FDA never inspected lab that made controversial dental device: Report

FDA documents obtained by KFF News and CBS News reportedly show that the federal agency did not inspect a dental lab manufacturing a dental device that has become the subject of several lawsuits, according to a May 13 report

The Anterior Growth Guidance Appliance is a retainer-like device invented by Steve Galella, DDS, that claims to expand the jaw without surgery. It has been the source of several lawsuits after patients alleged it caused severe damage to their teeth.

The FDA began evaluating safety concerns related to the fixed nonremovable palatal expanders after the lawsuits, with the U.S. Attorney's Office for the Western District of Tennessee and the U.S. Department of Justice launching criminal investigations into the AGGA device shortly after.

Nine things to know: 

1. The documents obtained by KFF and CBS reportedly show the FDA launched its first-ever inspection of Terre Haute, Ind.-based Johns Dental Laboratories after the two news organizations published a joint investigation into the device in March 2023.

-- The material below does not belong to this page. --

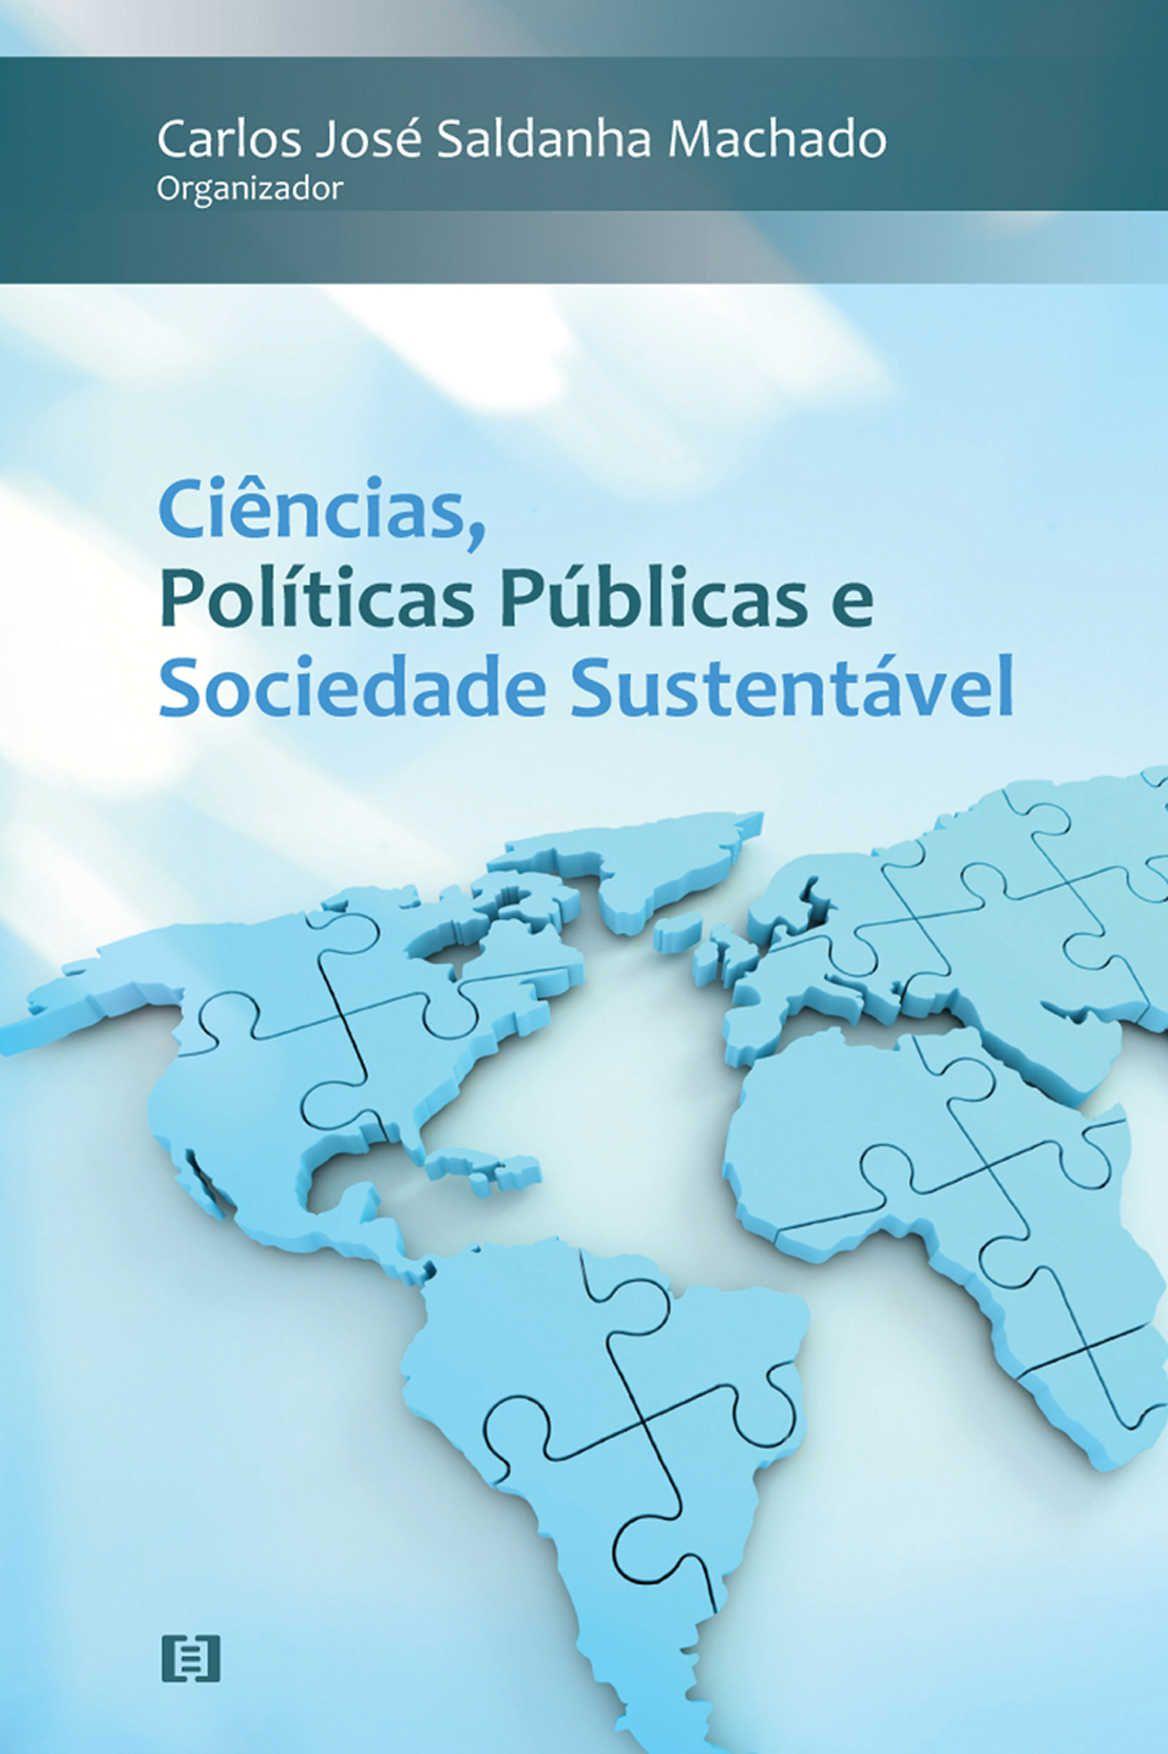 Ciências, Políticas Públicas e Sociedade Sustentável

2. The FDA requires companies manufacturing medical devices to investigate complaints and forward them to the agency. 

3. The FDA's inspection of Johns Dental in July 2023 found that the lab did not require all customer complaints to be investigated. The company also did not investigate some complaints about people being hurt by products, including the AGGA device, according to the documents.

4. Johns Dental, which has made the AGGA since 2012, has settled lawsuits from 20 patients who alleged that the dental device caused them harm, but has not admitted liability.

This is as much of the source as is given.